Exercise description ::
Wherever the listing holds a picture, leave it out, and copy the remainder exactly.

Given information ::
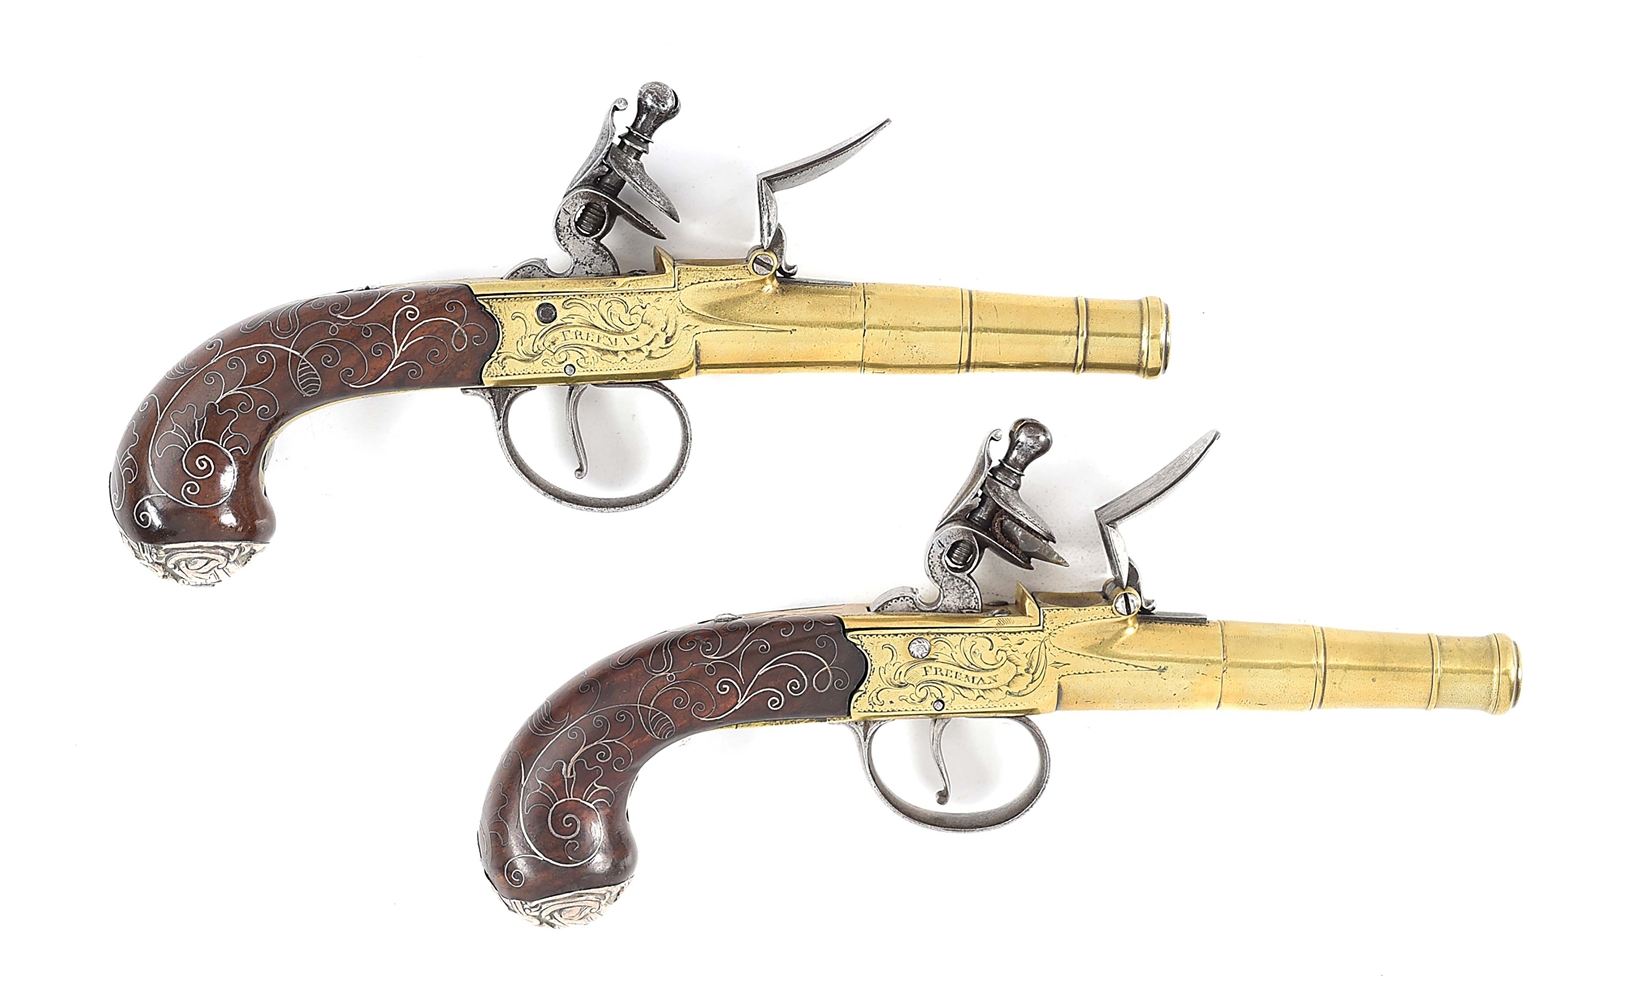 (A) PAIR OF ENGLISH FLINTLOCK POCKET PISTOLS BY FREEMAN WITH DISPLAY STAND.
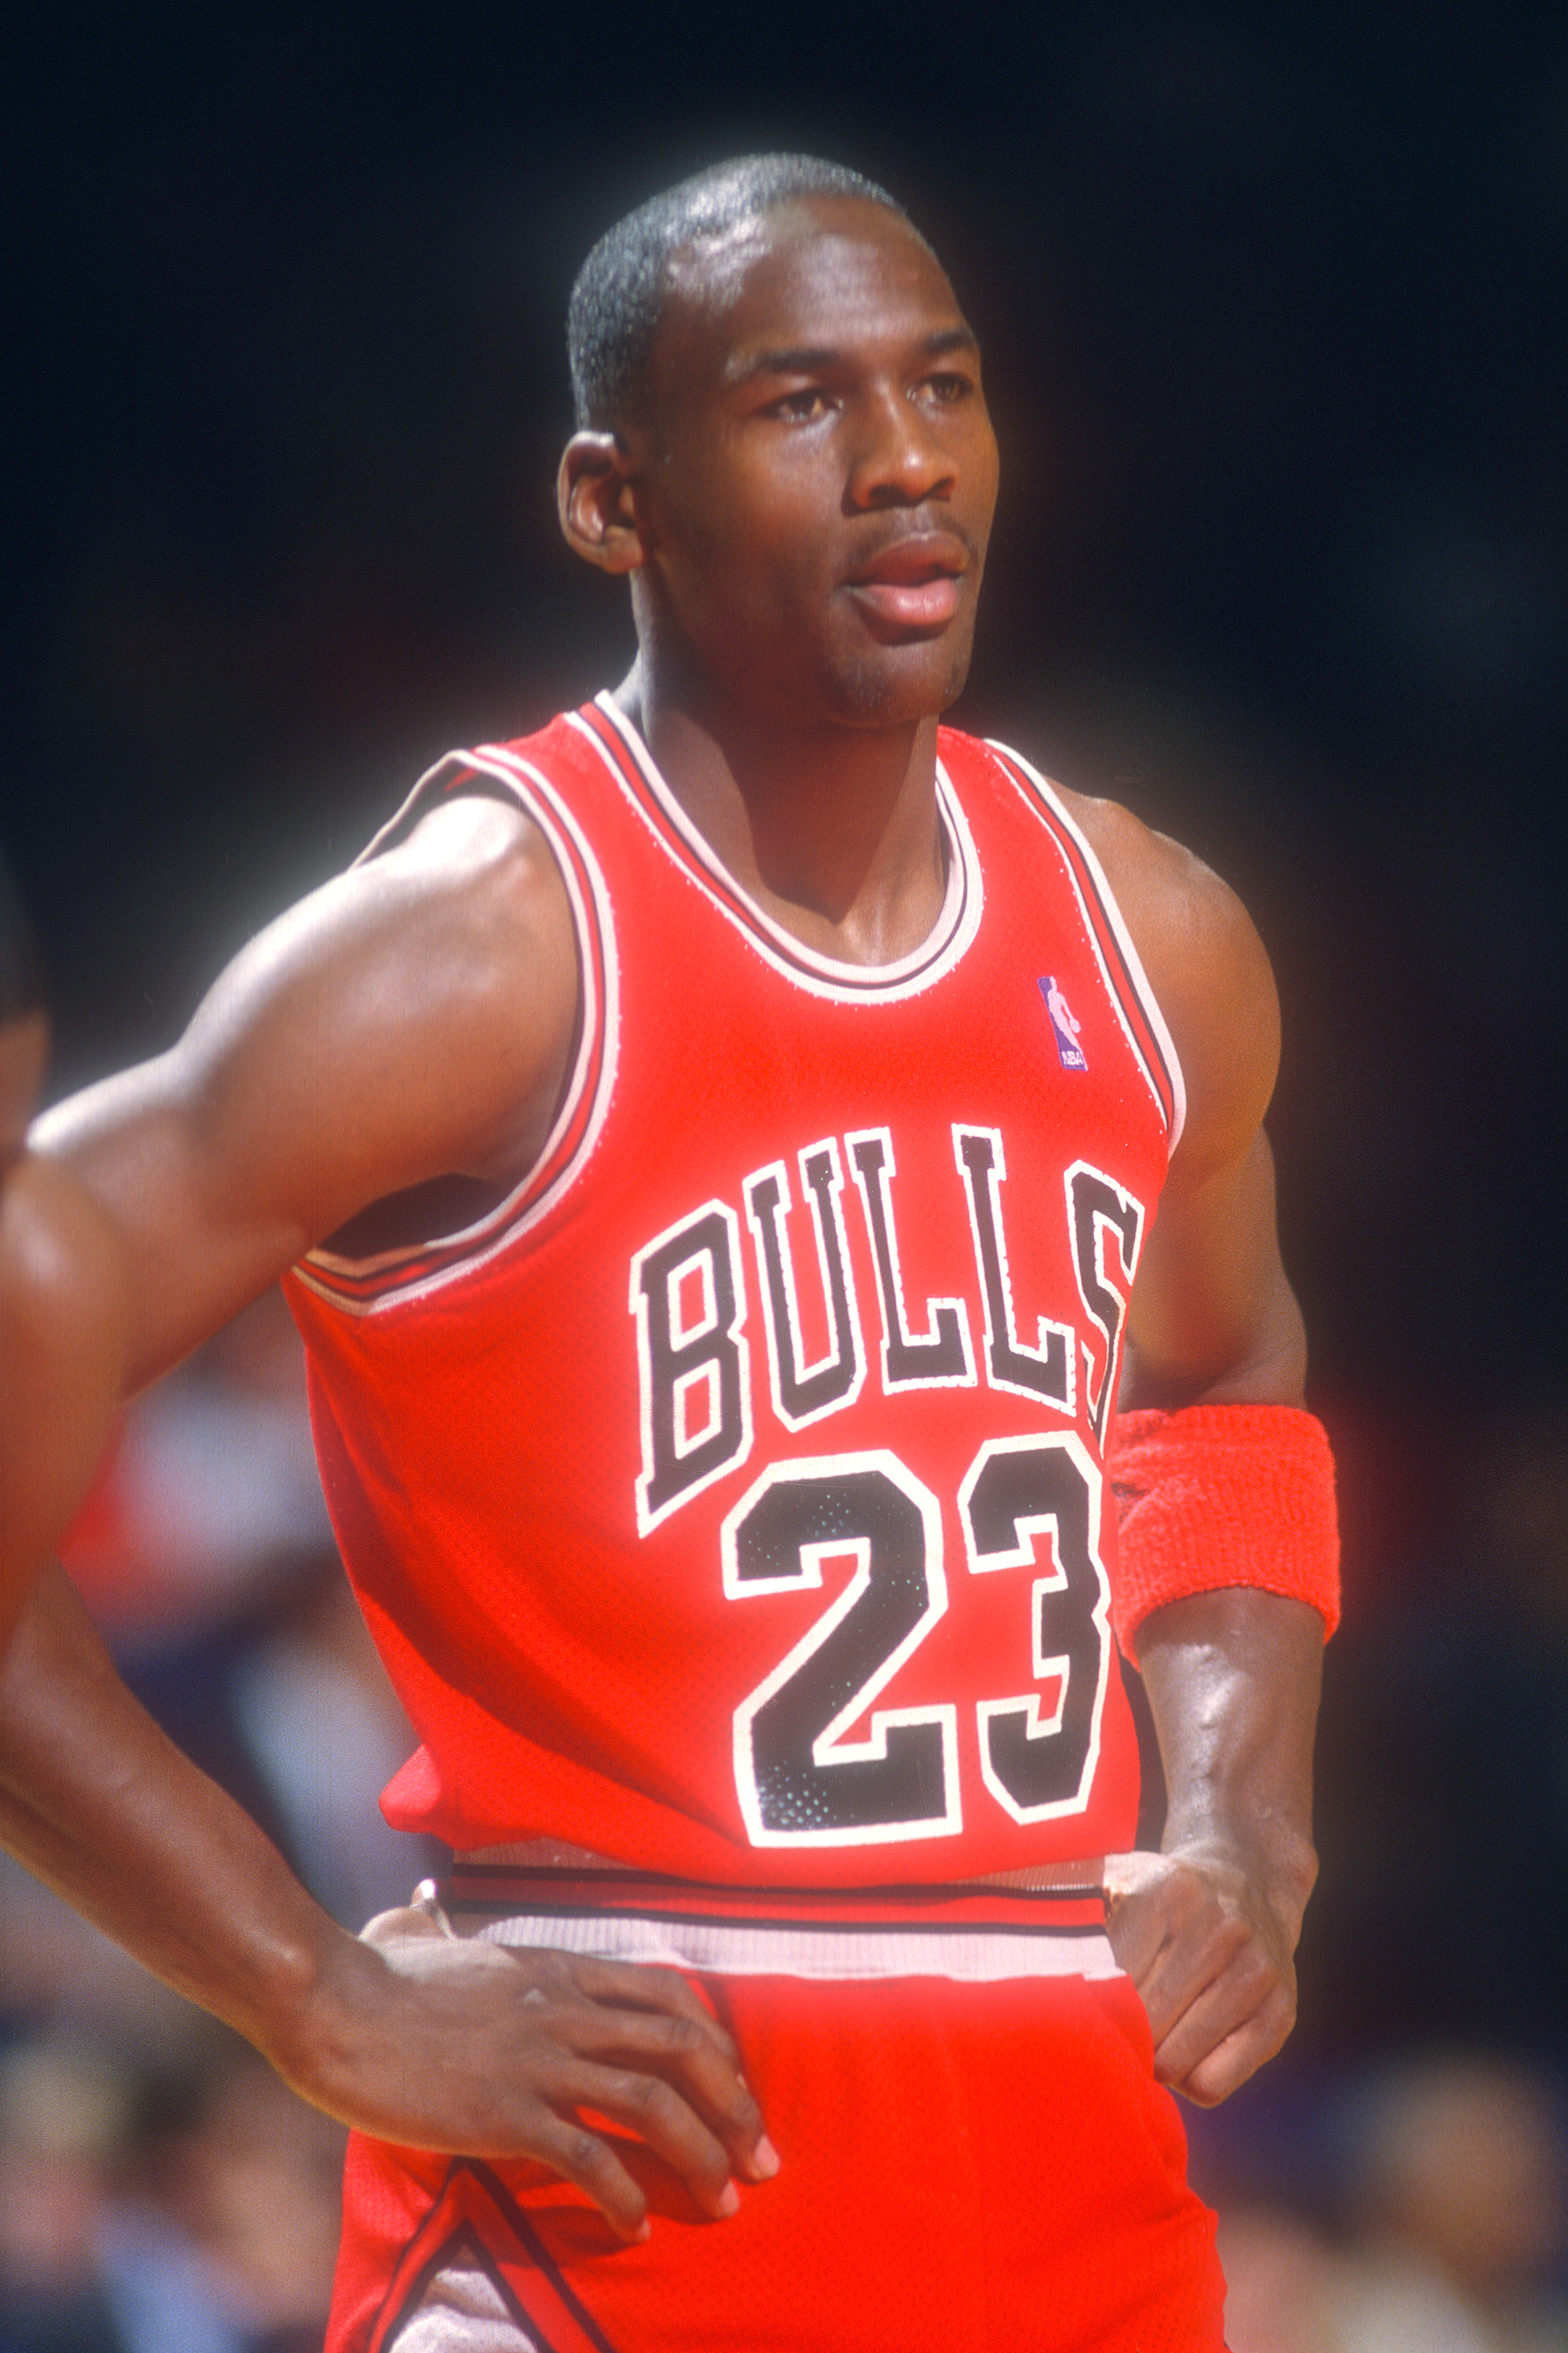 Michael Jordan during a basketball game at the Capital Centre on December 30, 1989 in Landover, Maryland | Source: Getty Images
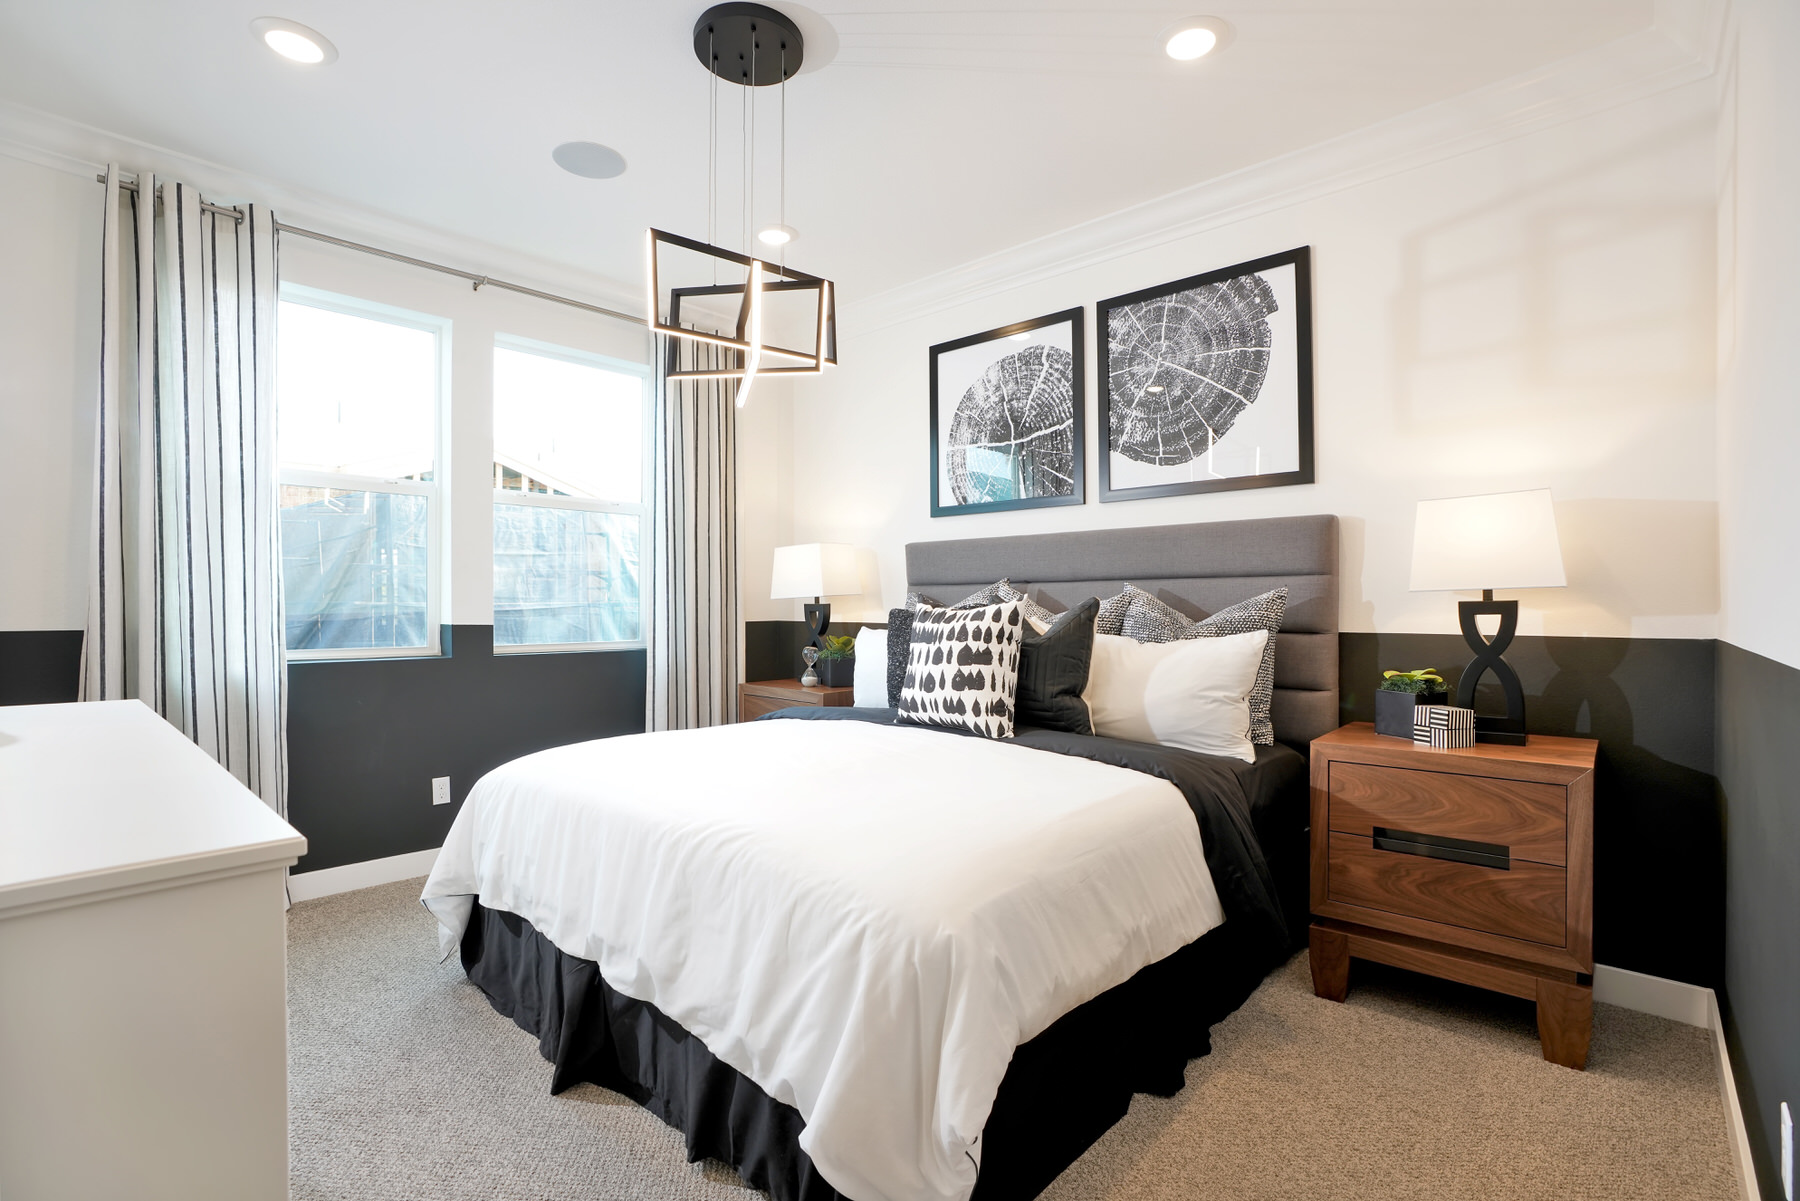 Primary Bedroom in Plan 1 at Townes at Magnolia by Melia Homes in Anaheim, CA

Solution ::
 (A) PAIR OF ENGLISH FLINTLOCK POCKET PISTOLS BY FREEMAN WITH DISPLAY STAND.
 Michael Jordan during a basketball game at the Capital Centre on December 30, 1989 in Landover, Maryland | Source: Getty Images
 Primary Bedroom in Plan 1 at Townes at Magnolia by Melia Homes in Anaheim, CA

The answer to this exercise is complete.